The city of Oakland's Planning and Building Department has proposed a plan that would encourage up to an additional 20M SF of commercial space and 29,100 homes by 2040.

Oakland City Council received the department's official draft of the Downtown Oakland Specific Plan Wednesday, jump-starting a 45-day public comment hearing on the document before its potential adoption next year.

The city's Planning and Building Department began its draft process in 2015, on the verge of Oakland's ongoing surge in housing development. Oakland currently has 9,304 units under construction and almost 7,000 coming online just this year, both topping counts for any other Bay Area city, Darin Ranelletti, policy director of housing security in the mayor's office, told Bisnow last month

Now, plans for the next two decades call for a doubling of office space and nearly 30,000 additional units in Oakland's downtown.
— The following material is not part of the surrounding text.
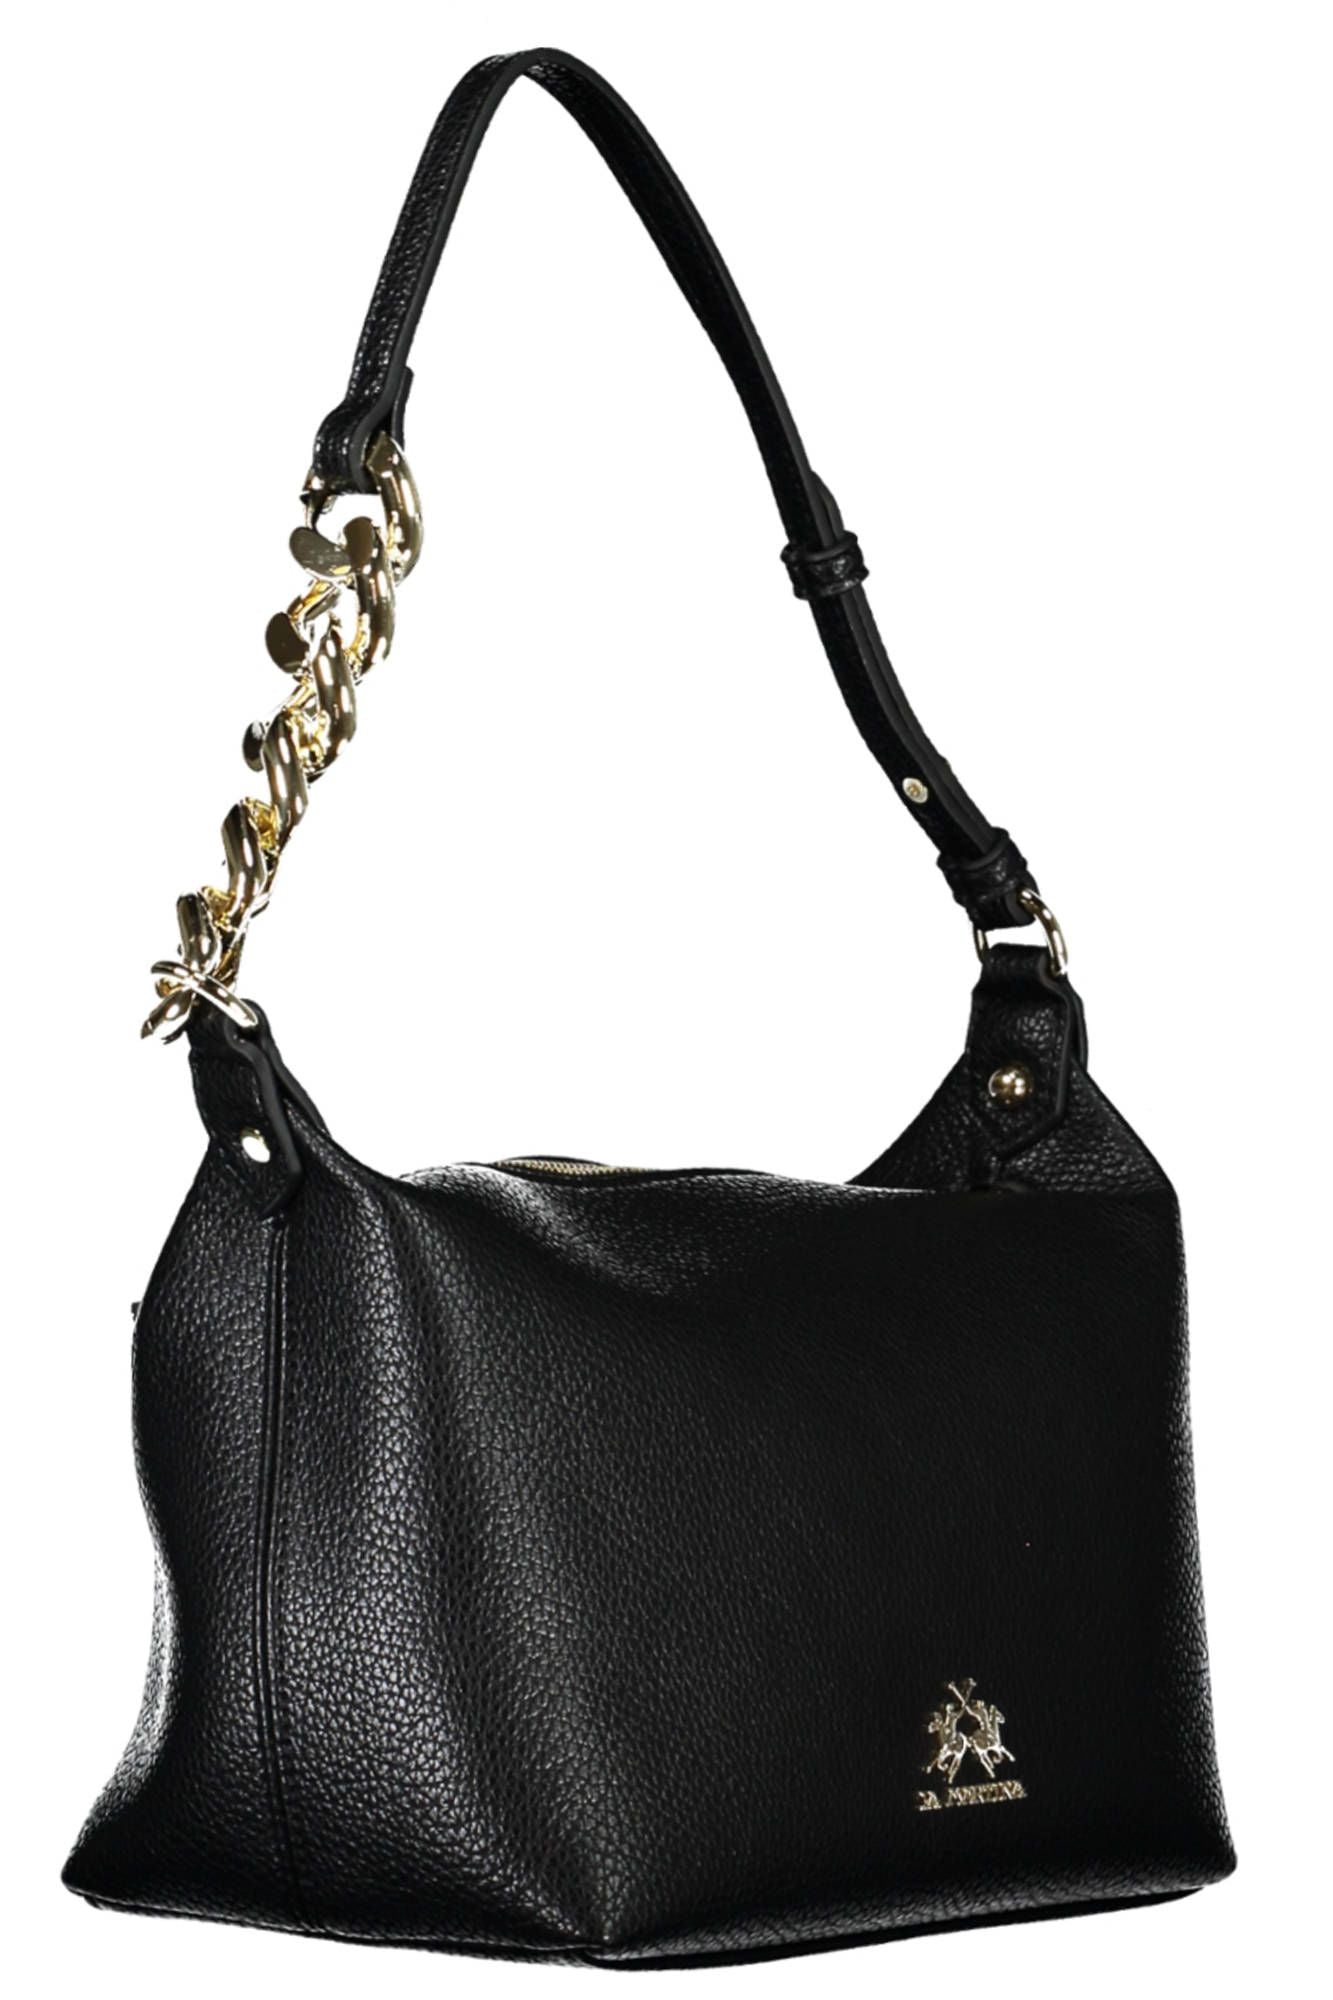 Chic Black Shoulder Bag with Contrasting Details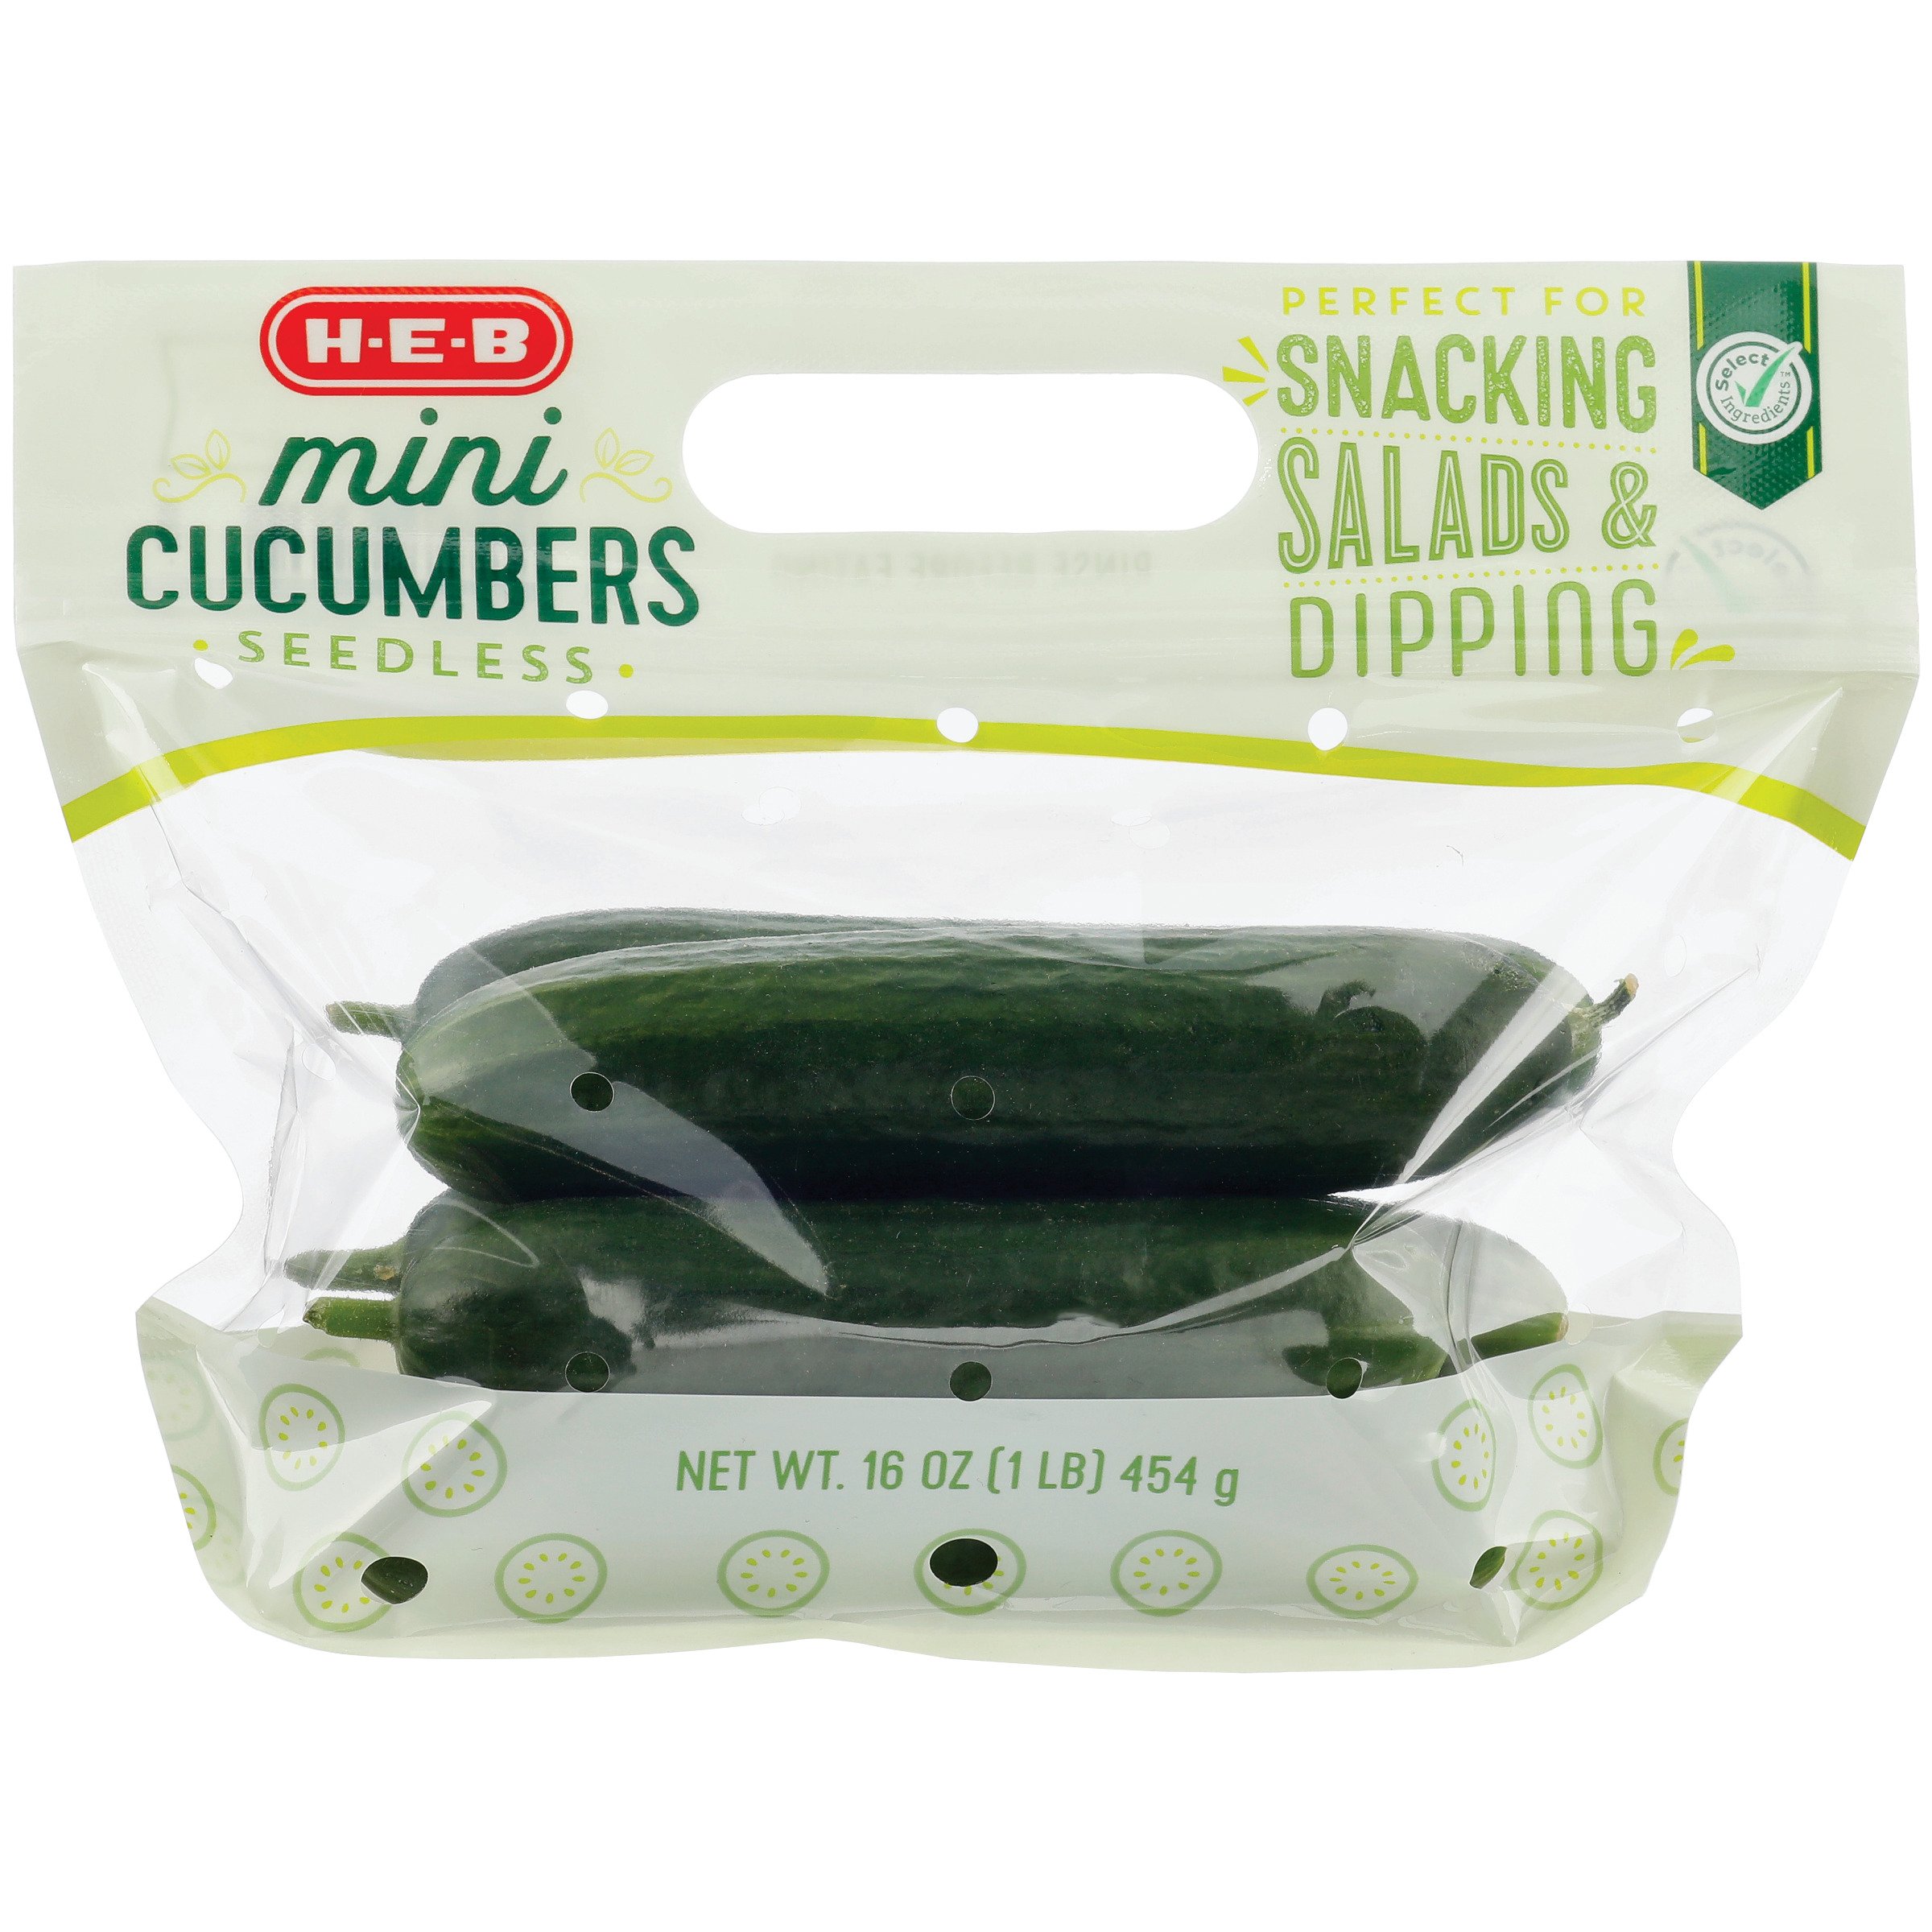 H-E-B Fresh Mini Seedless Cucumbers

As of 2016, the area had 19M SF of commercial space, and between 2015 and 2017 developers produced 7,176 new homes across Oakland, according to city data. 

Downtown Oakland Plan 2
A map of potential Oakland development

SPUR Oakland Director Robert Ogilvie said he considers both housing and commercial development to be comparably crucial to Oakland's growth and thought early drafts of the Downtown Oakland Specific Plan didn't specify enough commercial space.

"We don't want to see Oakland cemented as a commuter suburb of San Francisco," Ogilvie told Bisnow. "

"A developer three years ago would have said to you the rents for Class-A office in Oakland aren't there yet and the comps aren't there," he said. "That is not the case anymore."

In its final draft, the city's Planning and Building Department has designated multiple "office priority sites" and recognizes "a regional imbalance of jobs and housing leading to transit overload and inadequate opportunity for residents." 

Such sites, two of which are in City Center and the Lake Merritt Office District, would update zoning in relevant areas to require a certain percentage of space to be dedicated to commercial office space.

"If they build out office space in the right way, downtown Oakland can be on par with Portland or Denver in terms of number of jobs," Ogilvie said.